He arrived in Paris in
March 1921 at the invitation of the collector Alphonse Kahn.
There he studied at the
Academie Julian where he met many of the worlds soon to be famous
painters.
He was bisexual.
Paris was the modern
city and the capital of art.
Rules had been broken
and the intellectual way of painting had arrived decades earlier.
'Kit' got some bad habits, such as Opium which may have been introduced to
him by his rich Playboy lover, Antonio de Gandarillas
His addiction would greatly hinder him.
“My brain is working
too hard, he said, and I don't know where the end will come, I work
so hard and produce nothing whatsoever to satisfy me”
In Feb 1927 none other
than Picasso recommended that Kit design the set for Serg Dagliev's
Romeo and Juliet at Theatre Du Chatelet.
It was a disaster. As
Dagliev had a blazing row with him and he was sacked.
In
1927 his plans to elope and marry heiress Meraud Guinness were
frustrated by her parents whereupon he required emotional support
from Winifred Nicholson.
Despondent but with
fresh ideas swimming around in his head he headed for Cornwall. His
mother was Cornish.
In the summer of 1928 Kit joined Ben Nicholson
on Sunday 26th August for a sketching trip to St Ives.
He
had high hopes on the English Riviera.
They headed for Porthmeor
beach and painted.
After a successful day spent painting they packed up and set
for home
There in a small cottage with an
open door they both peered in and in a room full of paintings.
They had discovered the work of Alfred Wallis.
The naivety was an inspiration
and Kit stayed on for the autumn, renting a place closed to Wallis.
Nicholson went back to London to spread the word of the
encounter as if the Messiah had arrived.
“If I am here long enough, he said I am going to paint
good things”. Kit said.
He began to paint
scenes inspired by the Cornish Coast with its fresh light.
Had he finally found
the inspiration he desired. Cocteau who said he was an exceptional
painter, now meant nothing to him.
He started painting
inspired by Wallis who he visited every day, but the hallucinogenic
addiction that he had to Opium was preying on him.
He became paranoid and
began to lose his mind painting some sinister scenes in what would be
some of his last works.
Wallis opened up a
spirit in him and his work was beginning to bear fruit.
He felt as if
he belonged to the light of the coast of St Ives.
Wallis became a cult
recording the decline of the fishing industry in his own silly way
that seems to have conjured up dreamlike sequences for aspiring
artists who now flocked there. Wallis painted on anything he could
find and he was free not having had any training.
He was poor and in
1890 after chasing shoals of fish out in the deep sea. He painted from memory
and his perspective is very strange indeed, but it was this charming
naivety that the new modern artists adored.
In 1929 he held a solo
exhibition at Tooths Gallery in Bond Street.
He met Lucy Wertheim
there, she would become a supporter of his.
"I
know that my future as a painter from now on will be bound up with
your own, and I
shall become great through you!"
He would say to her.
In
May 1930 he had a largely unsuccessful exhibition with Nicholson in
Paris. In June and July he made a second trip to Brittany to create
new work.
Later in July Lucy travelled to meet Kit in Paris, to
choose the paintings for a one-man show that would be the opening
exhibition at her new Wertheim Gallery in October.
While
discussing the exhibition over lunch the day after her arrival, Wood
issued her with an ultimatum: "'I want you to promise to
guarantee me twelve hundred pounds a year from the time of my
exhibition, one hundred pounds a month being the least I can live on.

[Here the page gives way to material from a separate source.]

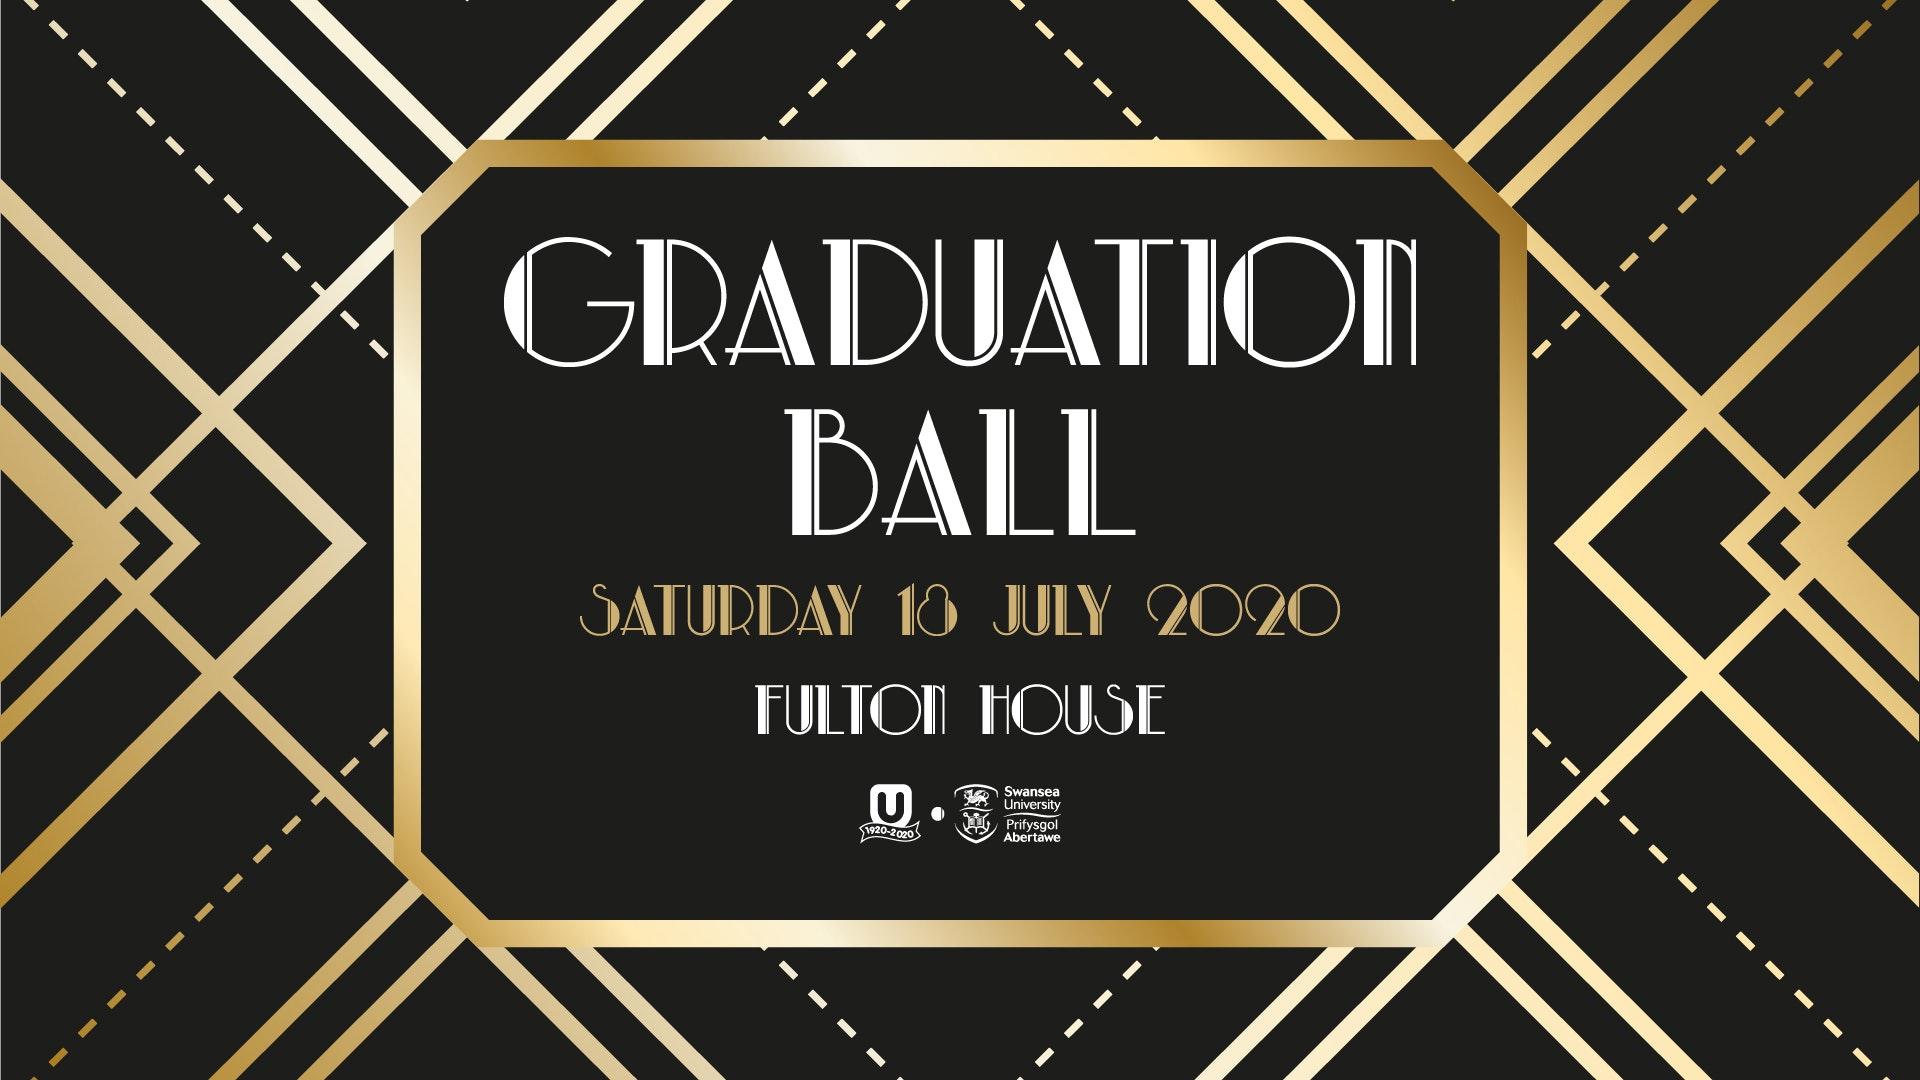 Graduation Ball 2020

If I can't have this sum I've made up my mind to shoot myself'".
When she complained, he begged her forgiveness, and they went to
review the paintings again.
On 21st
august 1930 Kit met his mother for Lunch in Salisbury and then
through himself under a train. He was 29.
This was reported as
an accident.
Following
his death the show was cancelled; it was eventually staged as a
memorial show at a different gallery in 1931.
He was buried
in the churchyard of All Saints Church in Broad Chalke.
His
gravestone was carved by the sculptor Eric Gill.
CODA
Alfred Wallis.
An ex fisherman he
retired from the sea in 1890 and opened a marine supply store.
When his wife died in
the 1920's he began to paint.
Little did he know that his melancholy
would inspire a generation.
He was naïve alright
and poor he painted on anything he could get his hands on.
He had no idea about
perspective and his subliminal thoughts began to show through and
inspire others. He would say that he painted out of his mind as it
was.
Wallis was sent to a
madhouse as he was chased by ghosts. He died a celebrity amongst the
artists and he was entombed by Bernard Leach who erected his epitaph.
The art community came
to pay its respects.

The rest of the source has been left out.